REPUBLIKA.CO.ID, JAMBI -- Kemampuan berfikir holistik (kaffah) dan sistemik menjadi kunci keberhasilan bangsa ini dalam menghadapi berbagai tantangan, ancaman, dan gangguan baik yang bersifat internal maupun eksternal. Dan yang lebih penting lagi, inilah cara-cara strategis untuk menjaga keutuhan Negara Kesatuan Republik Indonesia (NKRI) sesuai dengan makna Sumpah Pemuda yang dicetuskan pada tanggal 28 Oktober 1928.

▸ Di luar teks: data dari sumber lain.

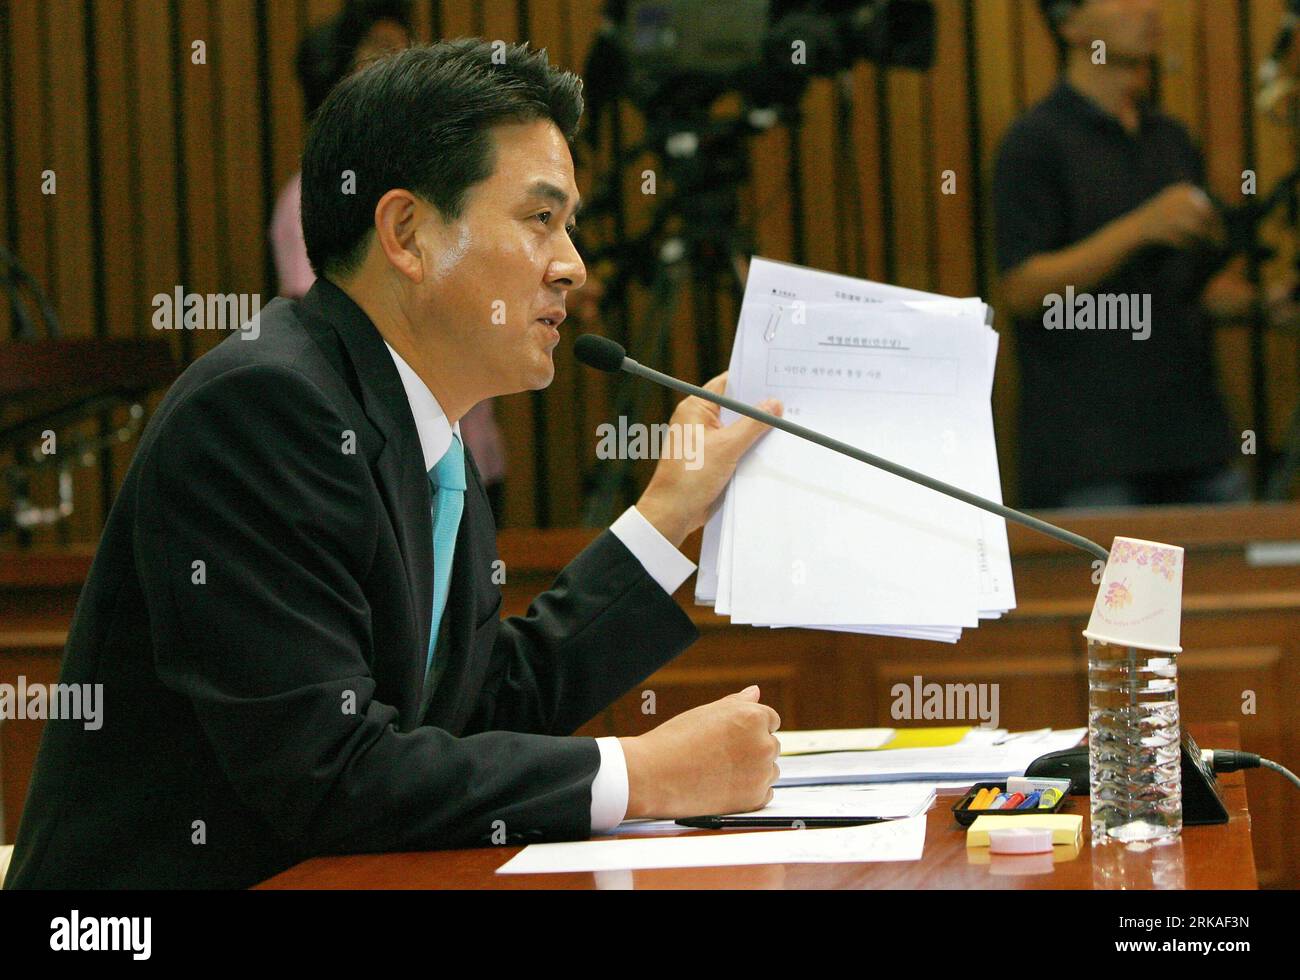 Bildnummer: 54342424  Datum: 24.08.2010  Copyright: imago/Xinhua (100824) -- SEOUL, Aug. 24, 2010 (Xinhua) -- South Korean Prime Minister-nominee Kim Tae-ho answers questions at a parliamentary confirmation hearing in Seoul, capital of South Korea, on Aug. 24. 2010. Kim Tae-ho faced a tough grilling at a parliamentary confirmation hearing Tuesday, as the 48-year-old former governor seeks to become the youngest in four decades to take up the top Cabinet job. (Xinhua/Park Jin-hee)(djj) SOUTH KOREA-SEOUL-POLITICS PUBLICATIONxNOTxINxCHN People Politik kbdig xcb 2010 quer premiumd xint     Bildnumm Stock Photo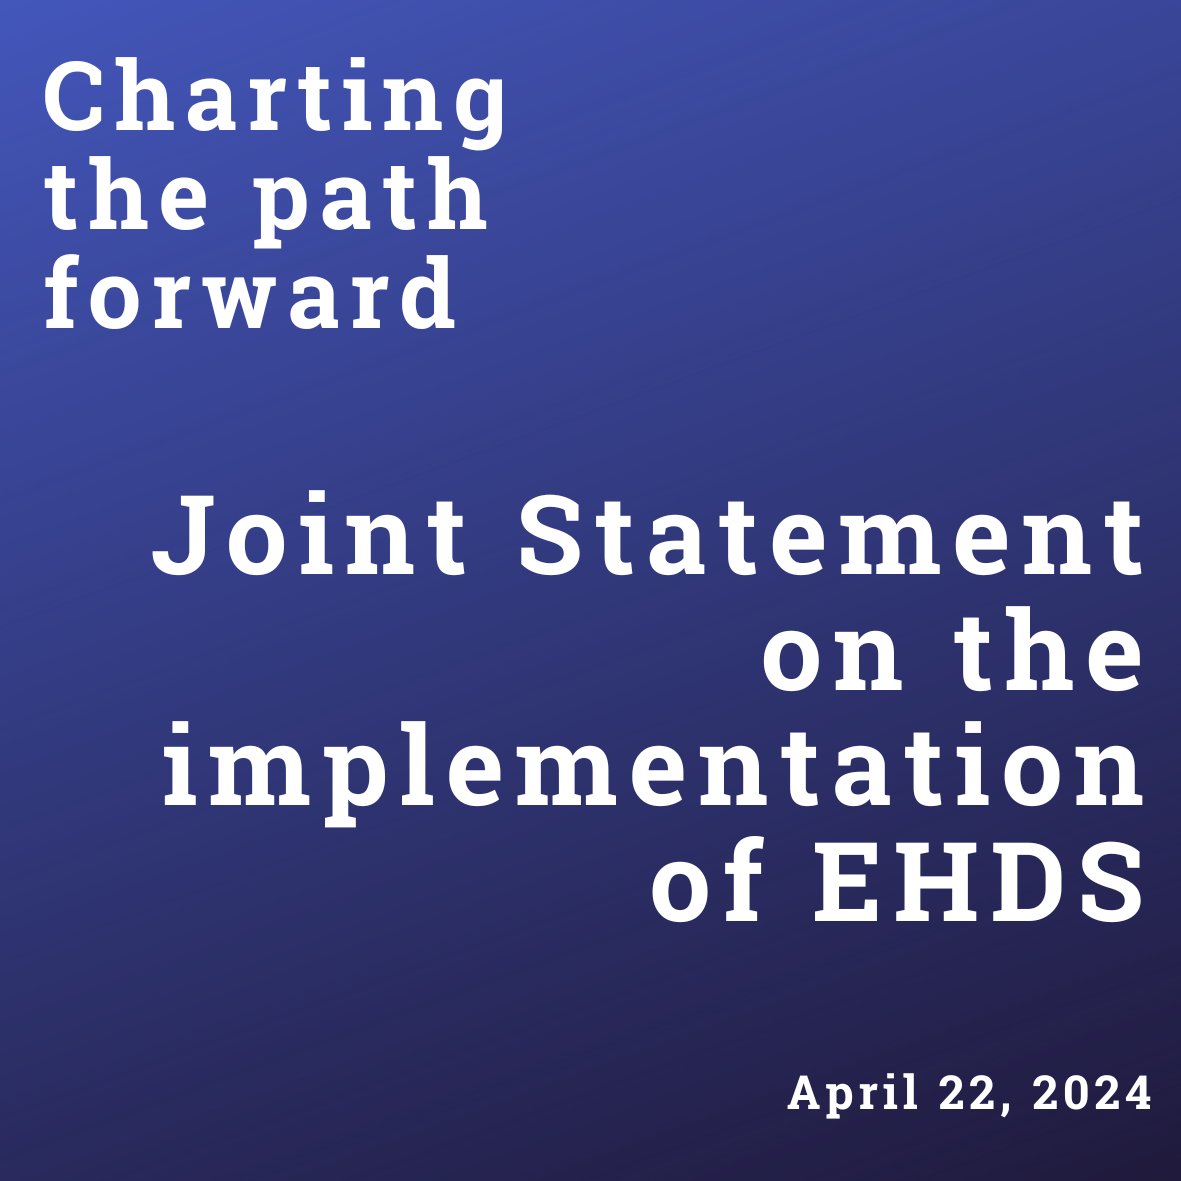 📣Join us in advancing the European Health Data Space #EHDS! As the final vote for the EHDS happens in European Parliament this week, ECL Cancer Leagues and partners are committed to ensuring patient-centric solutions. Full joint statement here: cancer.eu/wp-content/upl…

Hal itu merupakan kesimpulan Rapat Koordinasi Pengawas SMA, SMK dan PKLK Provinsi Jambi yang digelar di Kota Jambi, Ahad (28/10). Rakor  yang dibuka oleh Kepala Seksi Kurikulum Disdik Provinsi Jambi, Amri Daiman  tersebut mengundang nara sumber Zulfikri Anas. Ia adalah pakar kurikulum dari Indonesia Bermutu, Indonesia Emas Institut, dan Pengembang Kurikulum di Pusat Kurikulum dan Perbukuan, Kemendikbud.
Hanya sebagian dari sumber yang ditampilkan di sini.